The parameters for the visual system were as follows. The pupil sizes of the species were taken from the literature as previously described, using lens diameter as a proxy. Because temporal resolution has been measured for few oceanic teleosts or elasmobranchs, we estimated temporal resolution using a measure of critical flicker frequency (CFF) in humans (60 Hz; Mankowska et al 2021) for species with depth ranges up to 20 m; then, for each tenfold drop in light level, we reduced that starting temporal resolution value by 10 Hz until a depth of 300 m, where temporal resolution was leveled off at 5 Hz (Tyler and Hamer 1990). Ocular transmittance and quantum efficiency were set at typical values of \(\tau\) = 0.8, and \(\kappa\) = 0.34. We assumed, based on Warrant and Locket (2004), that the photoreceptors in the fovea were rods and had their peak absorbance at 480 nm, an absorption coefficient of 0.064 \(\mu\) m−1, and outer-segment lengths of 50 \(\mu\) m. The first two values are typical for deep-sea vertebrate eyes, but the length of photoreceptors is known to vary in deep-sea species. This and the lack of information about temporal resolution specifically in each of the species in our database were the two largest sources of uncertainty in parameterizing the model. Given the enormous range of photon catch values considered in the model, even substantial variation of these two factors would have little effect on the overall patterns. Additionally, the species in which temporal resolution have been measured are in relatively close agreement to those derived from our method above [e.g., swordfishes, (Fritsches et al. 2005); escolars, (Landgren et al. 2014)]. To account for the fact that minimum contrast thresholds in fishes (and indeed any animal) have never been measured to be below 0.005, the model did not allow it to go below this value.
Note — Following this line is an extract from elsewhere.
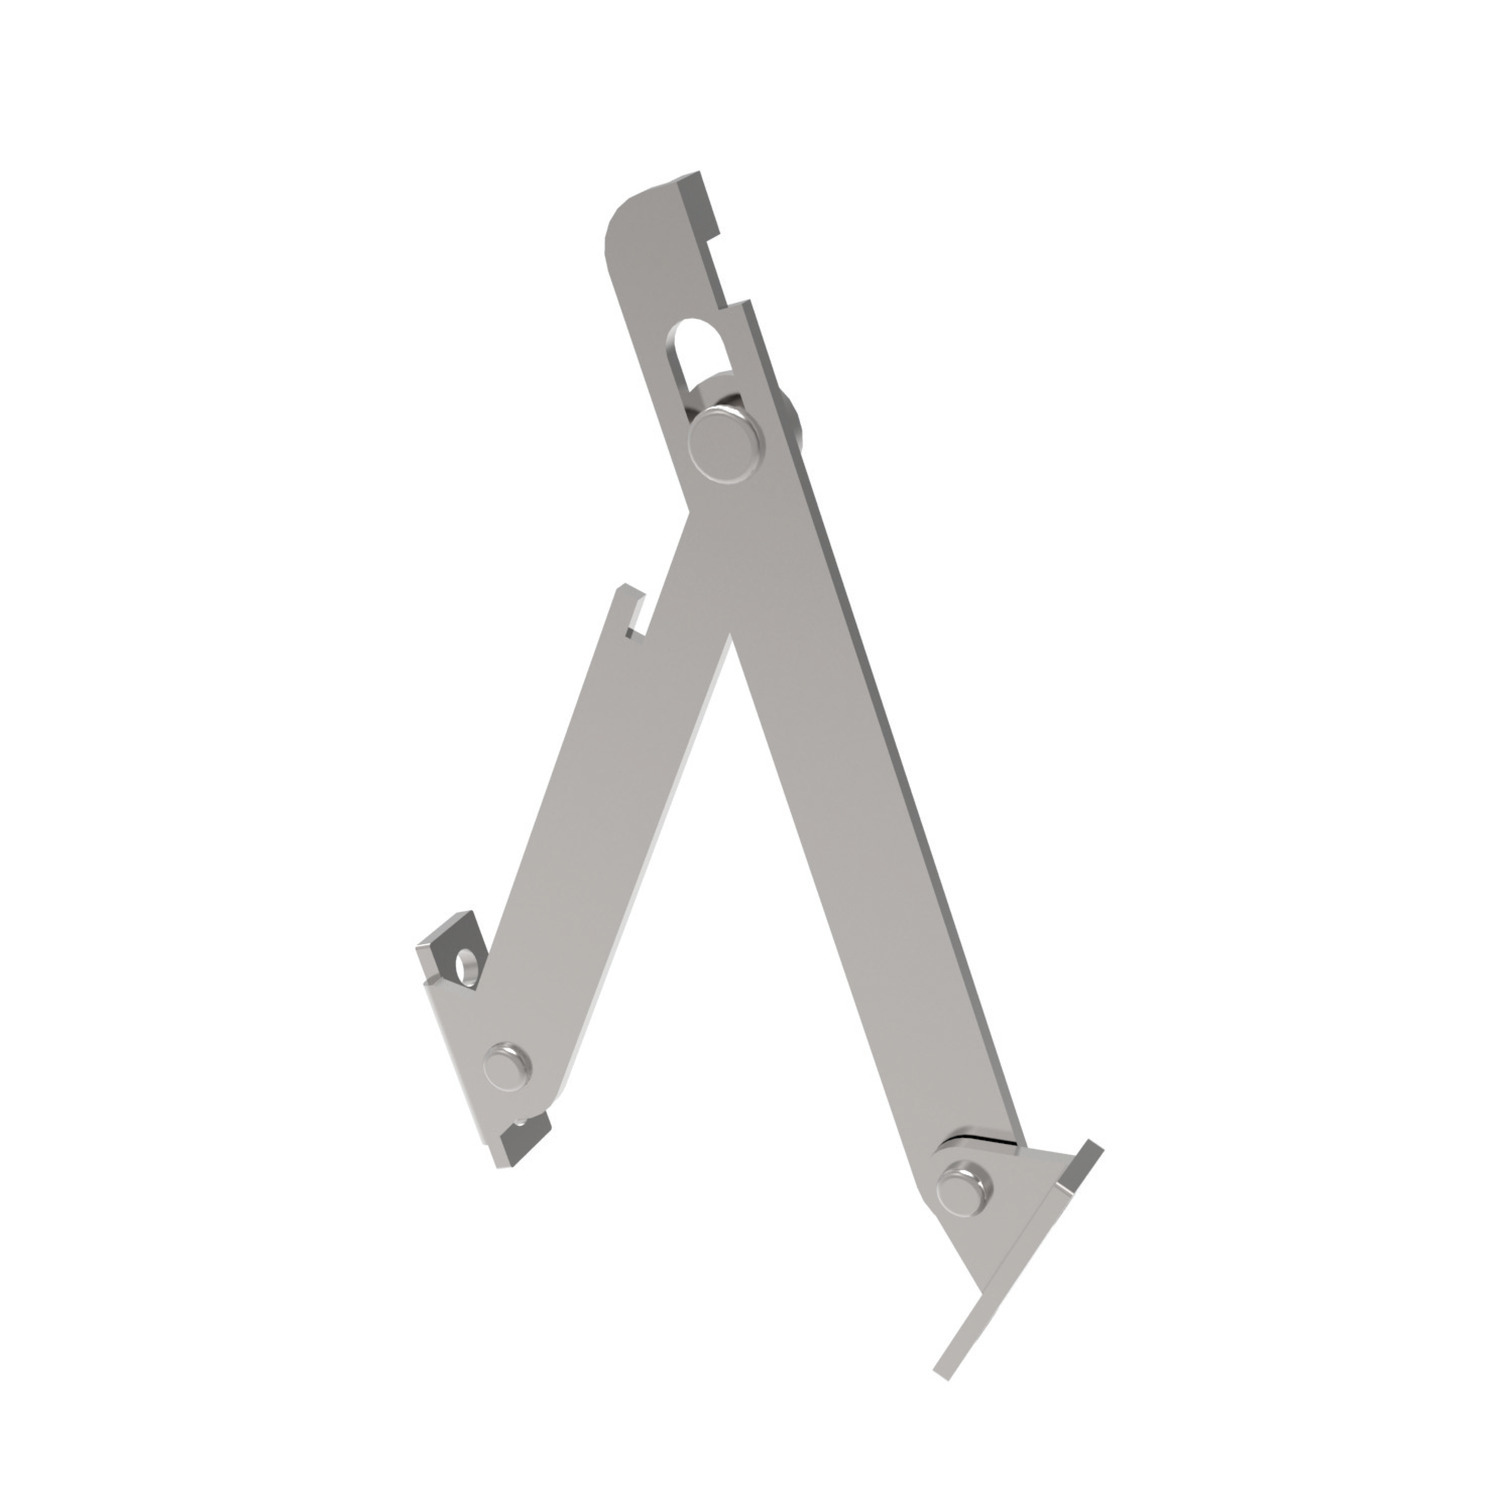 N0954.AC0010 Lid Stays Stainless steel - Right - 292mm.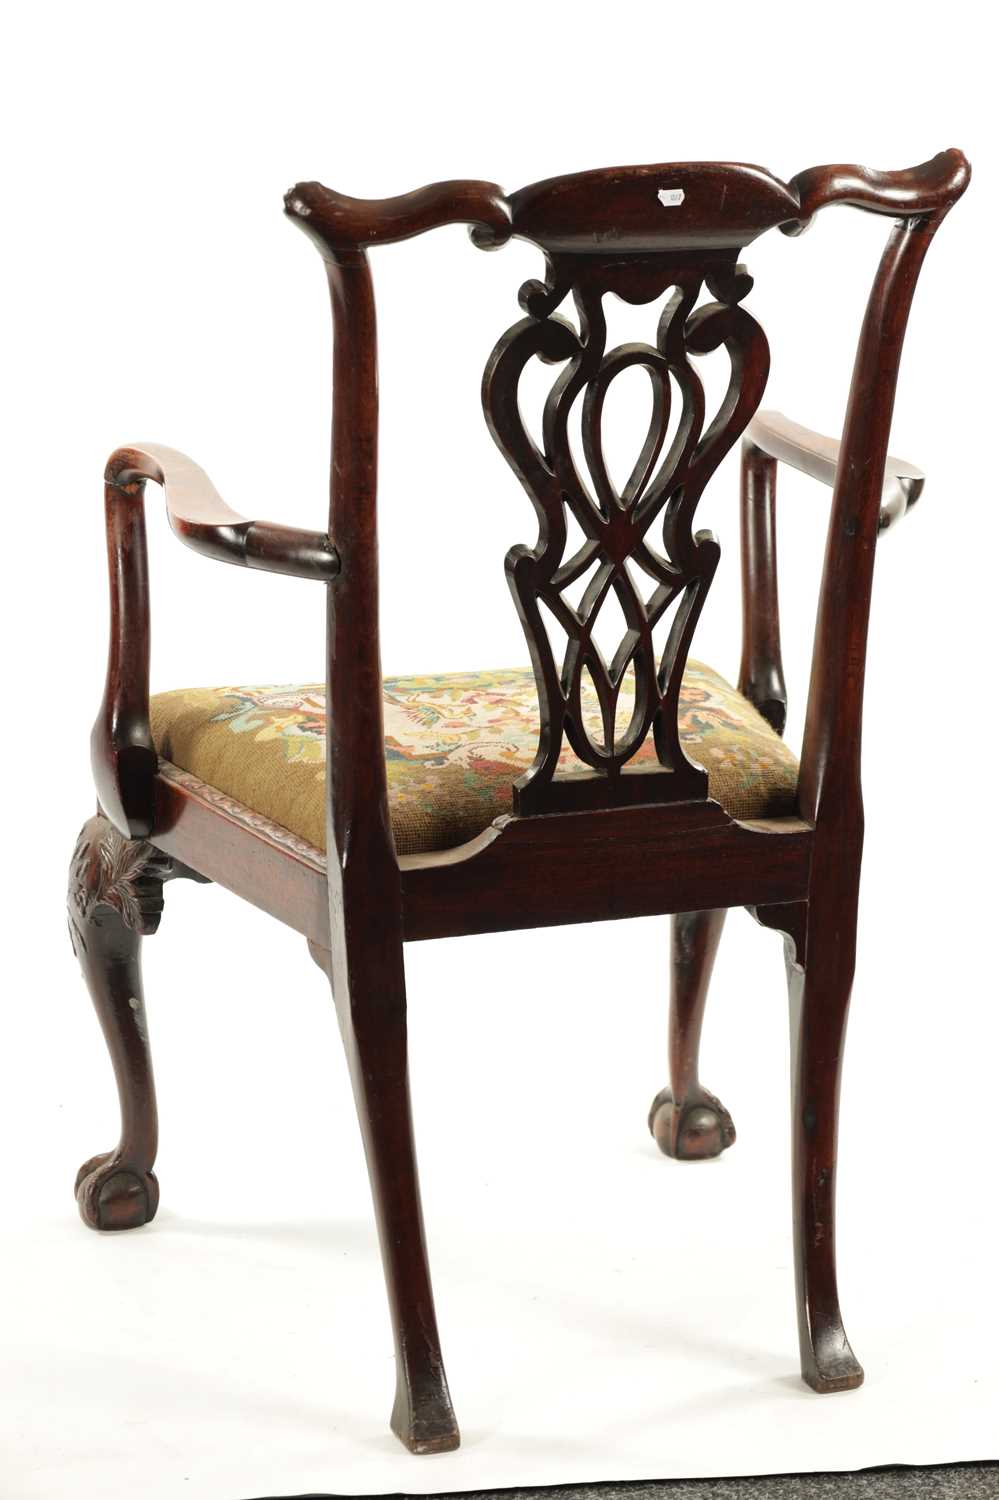 A FINE 18TH CENTURY CHIPPENDALE STYLE MAHOGANY ARMCHAIR - Image 6 of 6

Of note is that the “optimal” visual acuity that we generate with our model is of course only optimal for the parameter values described above; however, specific parameter values were chosen because they are found in large portions of the daytime pelagic ocean, and thus are applicable to the natural habitats of a large number of species.

Statistical analyses

To further explore the results of the optical model, we examined relationships between acuity, body length, and \(\beta\) while controlling for phylogenetic relatedness, in several ways. First, we calculated the degree of dependence of each variable on phylogenetic history by calculating phylogenetic signal, represented by Pagel’s λ (Pagel 1999), using the phylosig function of the package phytools (Revell 2012). Pagel’s λ ranges from 0 (indicating complete independence between phylogeny and the distribution of a trait) to 1 (complete covariance between trait distribution and phylogenetic structure). We then used phylogenetic generalized least squares (PGLS) models to examine relationships between acuity and \(\beta\); body length (represented by total length) and \(\beta\); and acuity and body length. In these models, body length and \(\beta\) were log10 transformed to improve normality. PGLS models were run using the package phylolm (Ho and Ane 2014).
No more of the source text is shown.